By following this guide, you'll be able to seamlessly incorporate LFV's proven computer vision capabilities into your SageMaker workflows using modern SDK patterns. This updated notebook replaces direct boto3 calls with the SageMaker Python SDK v2 for better maintainability and ease of use.

-------------

### Install Required Packages

First, let's ensure we have the correct version of the SageMaker Python SDK v2 installed.

In [None]:
# install updated numexpr
!pip install --upgrade numexpr>=2.8.4

# Install or upgrade SageMaker Python SDK v2
!pip install --upgrade 'sagemaker>=2.0,<3.0'

In [None]:
# Verify installation
import sagemaker
print(f"SageMaker SDK version: {sagemaker.__version__}")

# Check if we have the required classes
try:
    from sagemaker.algorithm import AlgorithmEstimator
    from sagemaker.inputs import TrainingInput
    print("✓ Required SageMaker SDK v2 classes are available")
except ImportError as e:
    print(f"✗ Missing required classes: {e}")
    print("Please restart the kernel after installation")

### Pre-requisites

1. Note: This notebook contains elements which render correctly in Jupyter interface. Open this notebook from an Amazon SageMaker Notebook Instance or Amazon SageMaker Studio.
1. Ensure that IAM role used has **AmazonSageMakerFullAccess**
1. Some hands-on experience using **Amazon SageMaker**.
1. **SageMaker Python SDK v2** installed (sagemaker>=2.0)
1. To use this algorithm successfully, ensure that:
   
   A. Either your IAM role has these three permissions and you have authority to make AWS Marketplace subscriptions in the AWS account used:
   
        a. aws-marketplace:ViewSubscriptions
        b. aws-marketplace:Unsubscribe
        c. aws-marketplace:Subscribe
   
   B: or your AWS account has a subscription to: [Computer Vision Defect Detection Model](https://aws.amazon.com/marketplace/pp/prodview-j72hhmlt6avp6).
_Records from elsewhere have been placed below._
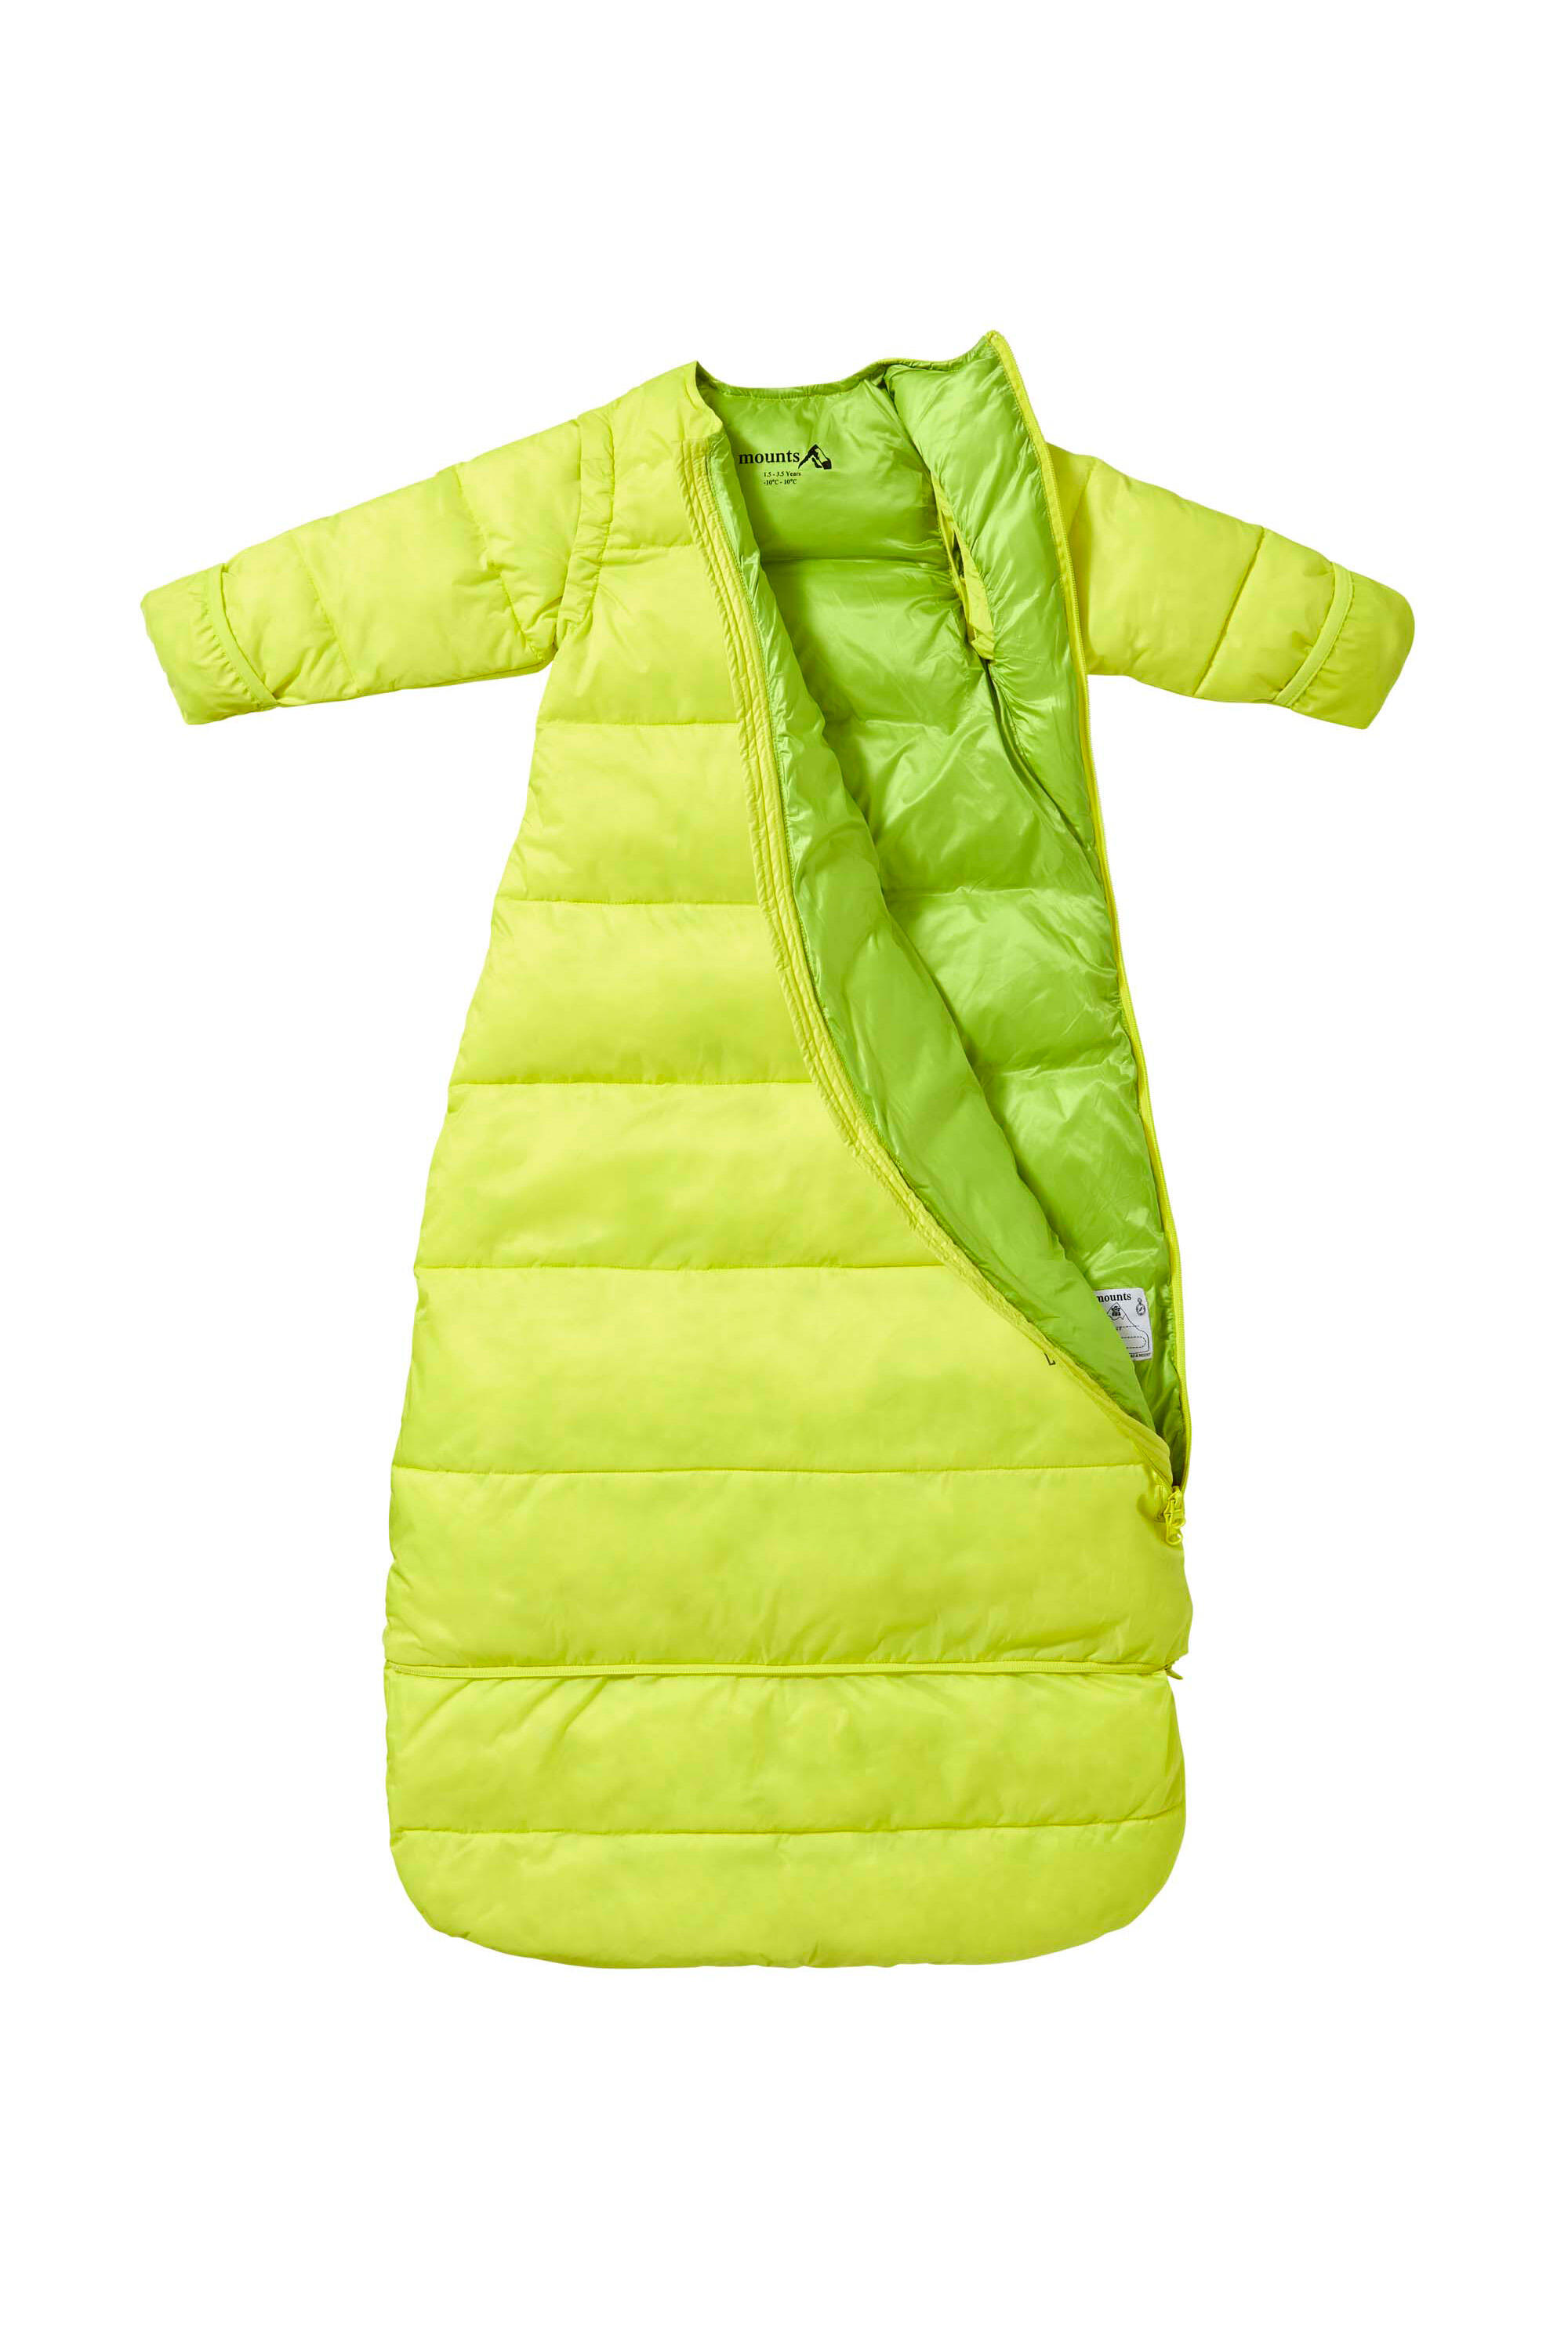 Baby/ Toddler Slumber Sack - Camping Sleeping Bag - Winter Season 3/5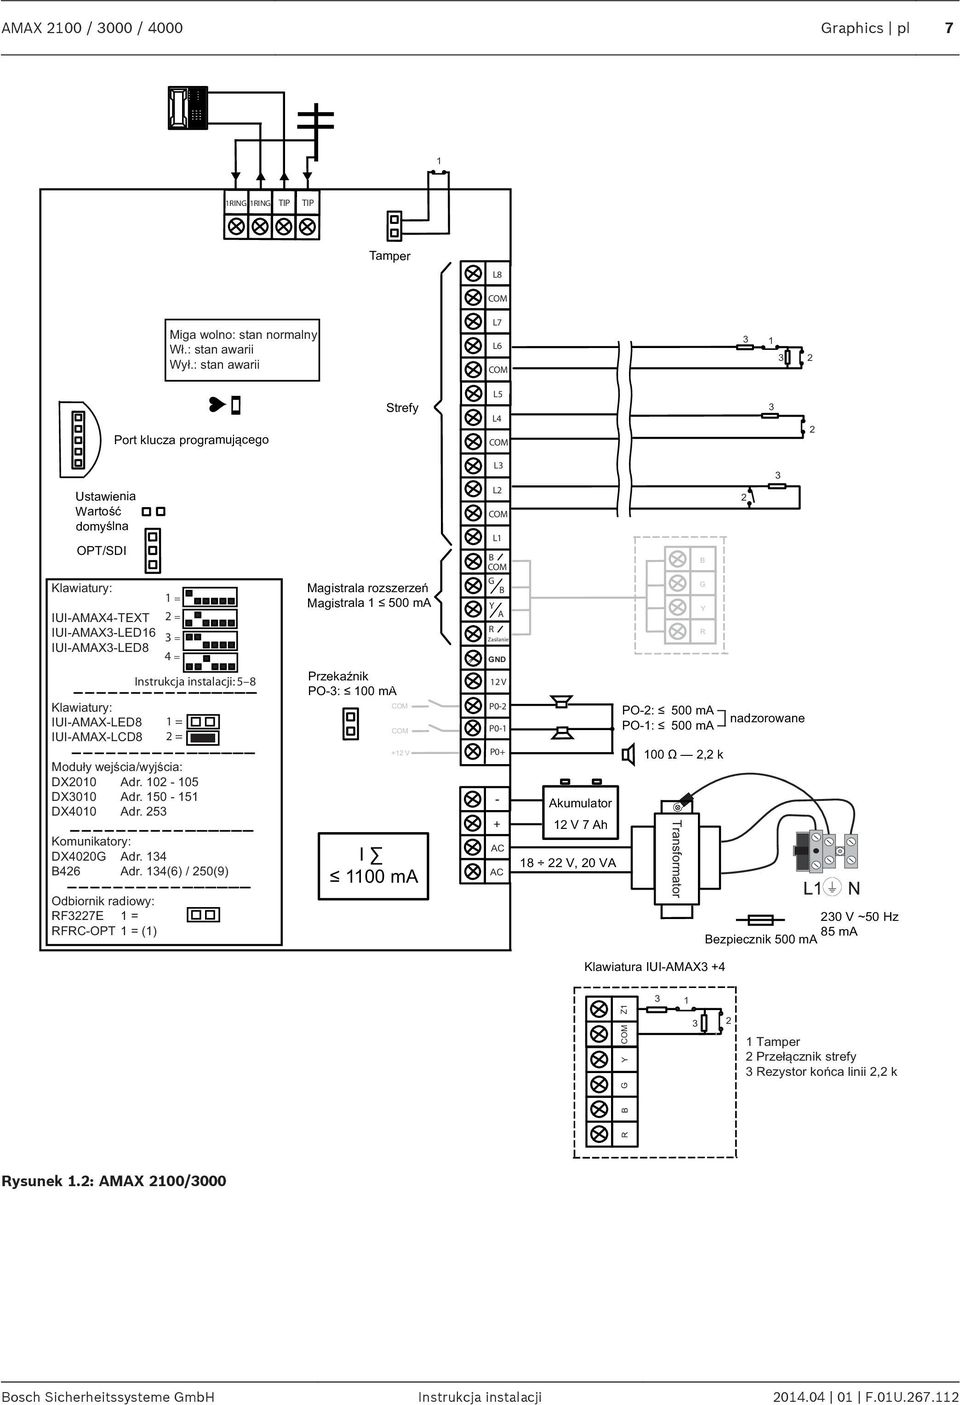 IUI-AMAX-LCD8 Moduły wejści/wyjści: DX2010 Adr. 102-105 DX3010 Adr. 150-151 DX4010 Adr. 253 Komuniktory: DX4020G Adr. 134 B426 Adr.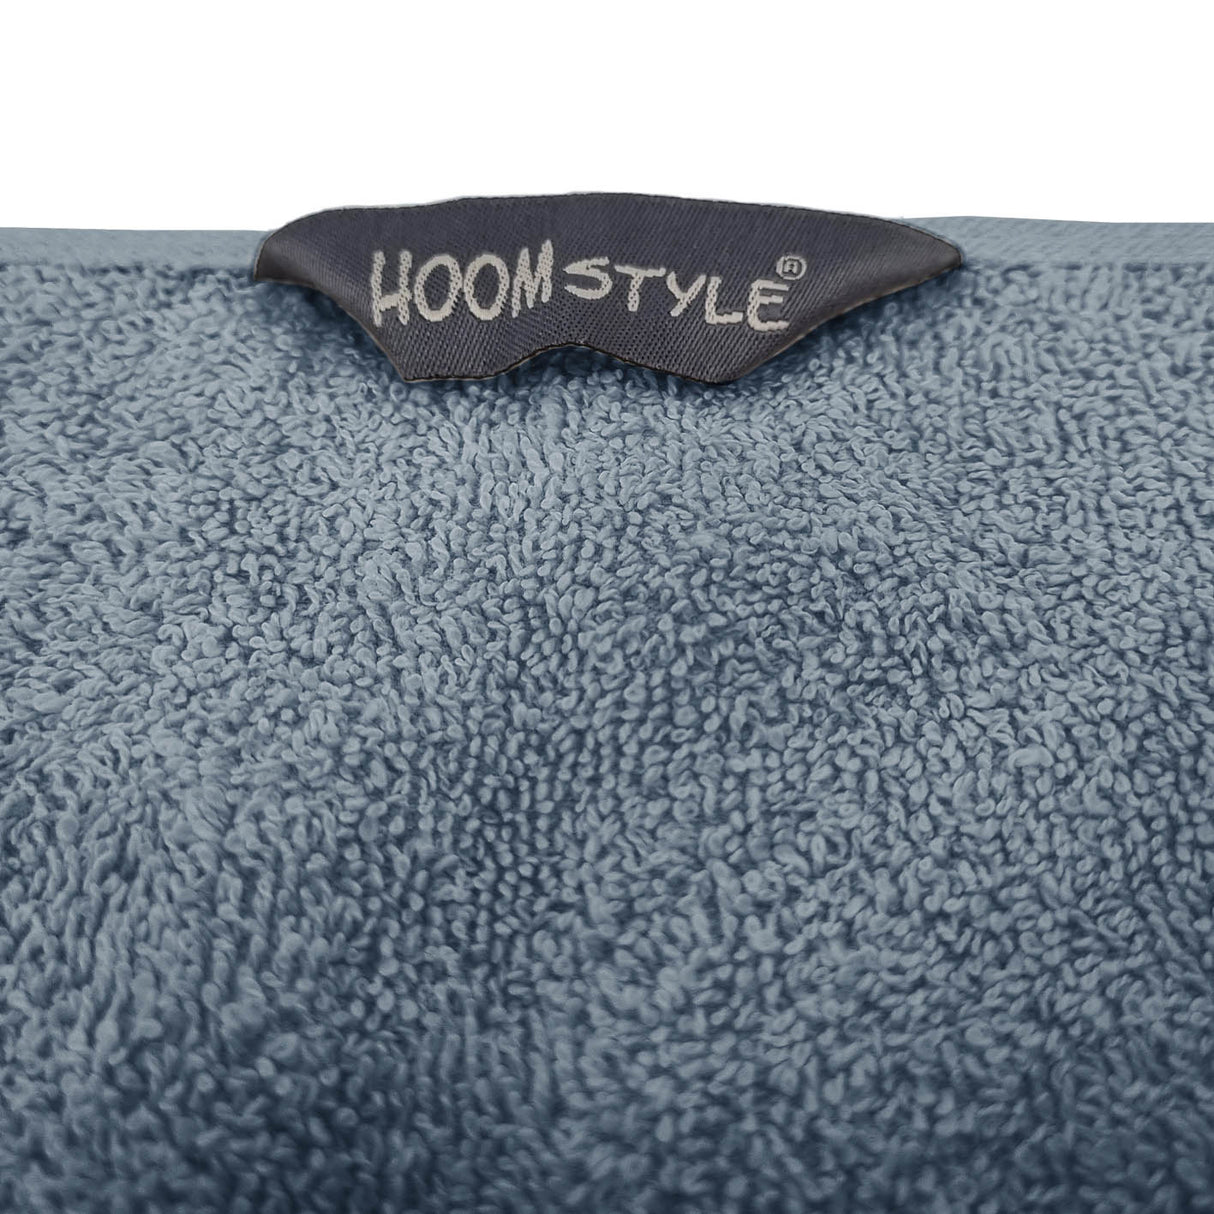 HOOMstyle Handdoeken Set - Hotelkwaliteit - 100% Katoen 650gr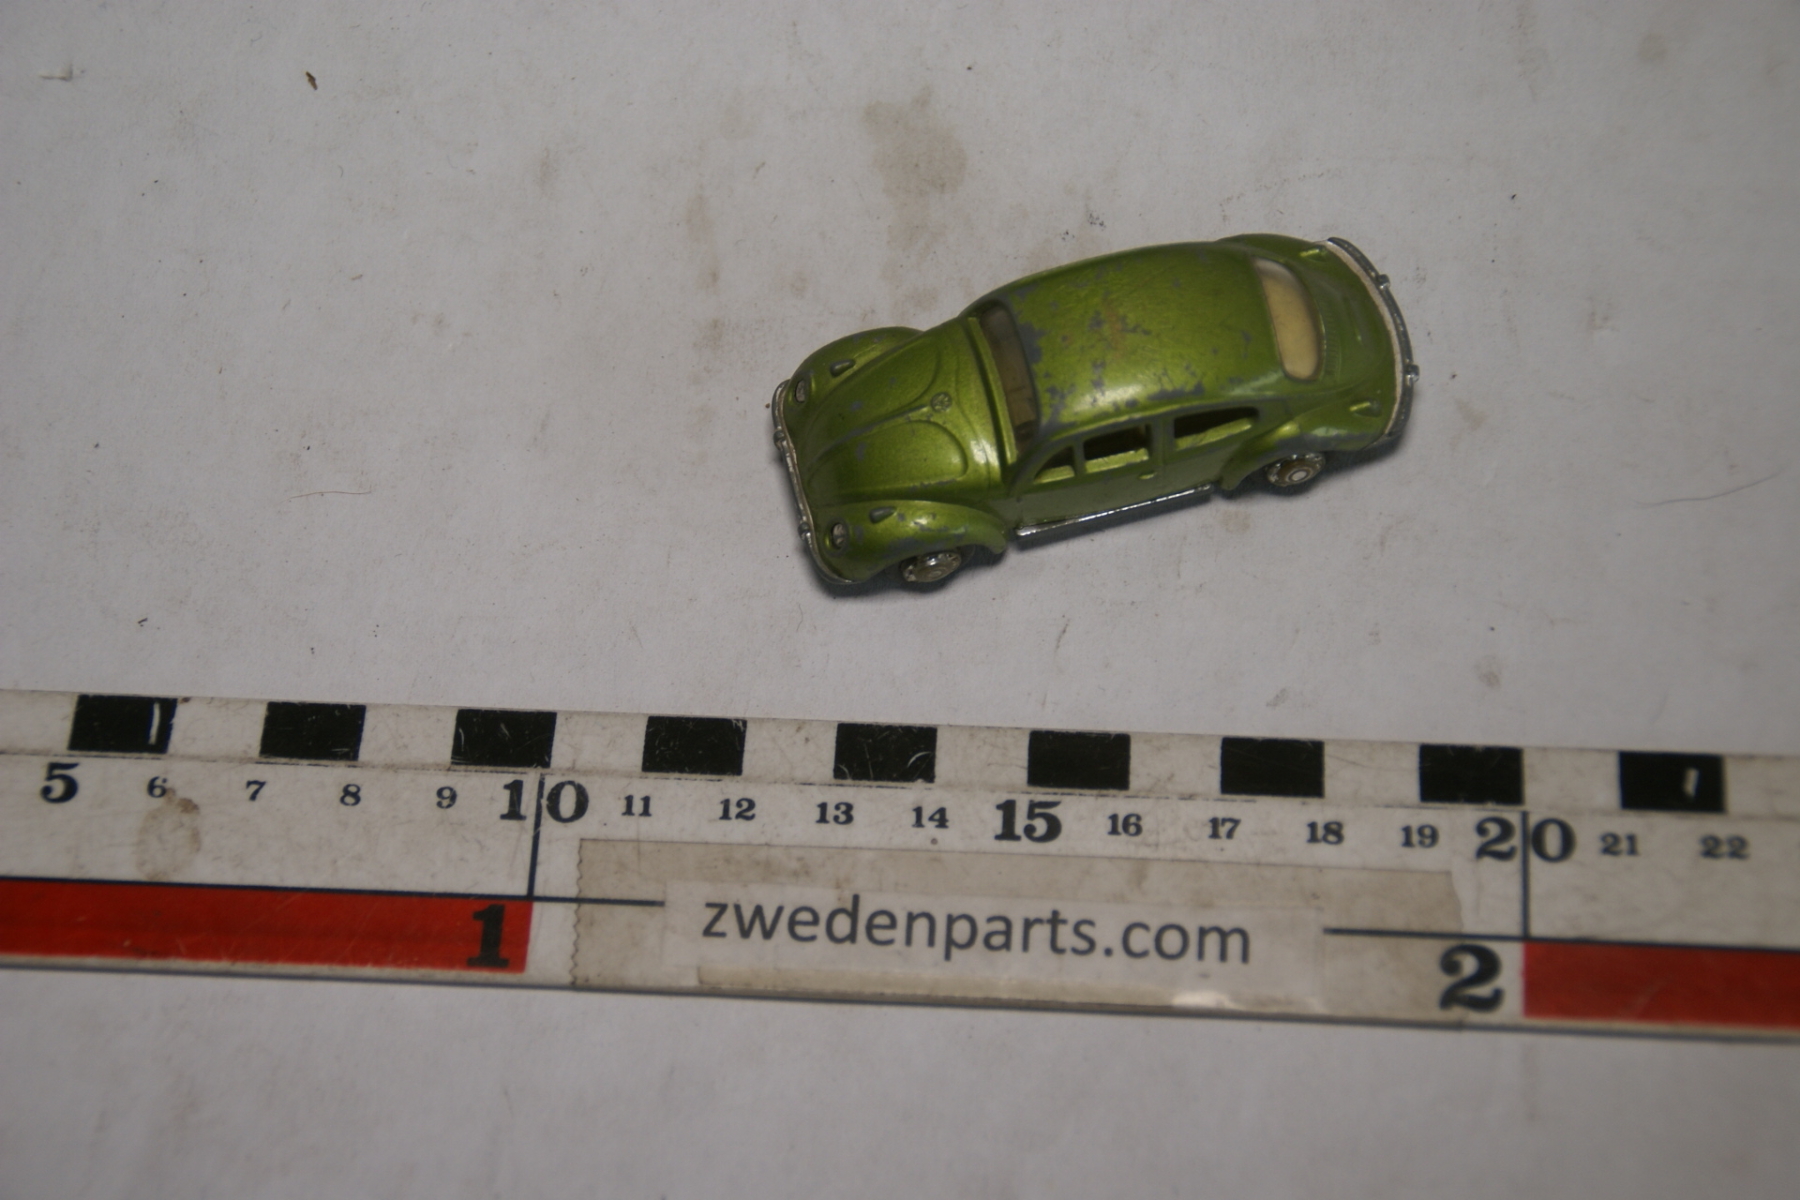 DSC04844 miniatuur VW kever groen Playart ca. 1op66 15

### Subscribe to the algorithm

To subscribe to the algorithm:

1. Open the algorithm listing page: [Computer Vision Defect Detection Model](https://aws.amazon.com/marketplace/pp/prodview-j72hhmlt6avp6).
1. On the AWS Marketplace listing, click on Continue to subscribe button.
1. On the Subscribe to this software page, review and click on "Accept Offer" if you agree with EULA, pricing, and support terms.
1. Once you click on Continue to configuration button and then choose a region, you will see a Product Arn. This is the algorithm ARN that you need to specify while training a custom ML model. Copy the algorithm name and specify the same in the following cell.

In [None]:
# TODO: change this to use subscribed SageMaker algorithm
algorithm_name = "Customer to specify the algorithm name after subscription"

### Initial Set Up 

Set up your SageMaker environment: First, we'll import necessary libraries, set up our SageMaker session, and define key variables using SageMaker Python SDK v2.

In [None]:
import sagemaker
from sagemaker import get_execution_role
from sagemaker.algorithm import AlgorithmEstimator
from sagemaker.inputs import TrainingInput
from sagemaker.model import Model
from sagemaker.transformer import Transformer
import boto3
import json
import datetime

In [None]:
# Initialize SageMaker session and get execution role
sagemaker_session = sagemaker.Session()
region = sagemaker_session.boto_region_name
#bucket = sagemaker_session.default_bucket()
bucket =  "bucket name goes here" # "l4v-dda"
role = get_execution_role()

# Project name would be used as part of s3 output path
project = "LFV-public-test-bd" # "Computer-Vision-Defect-Detection"

print(f"Region: {region}")
print(f"Bucket: {bucket}")
print(f"Role: {role}")

### Create IAM Role with SageMaker Permission (if needed)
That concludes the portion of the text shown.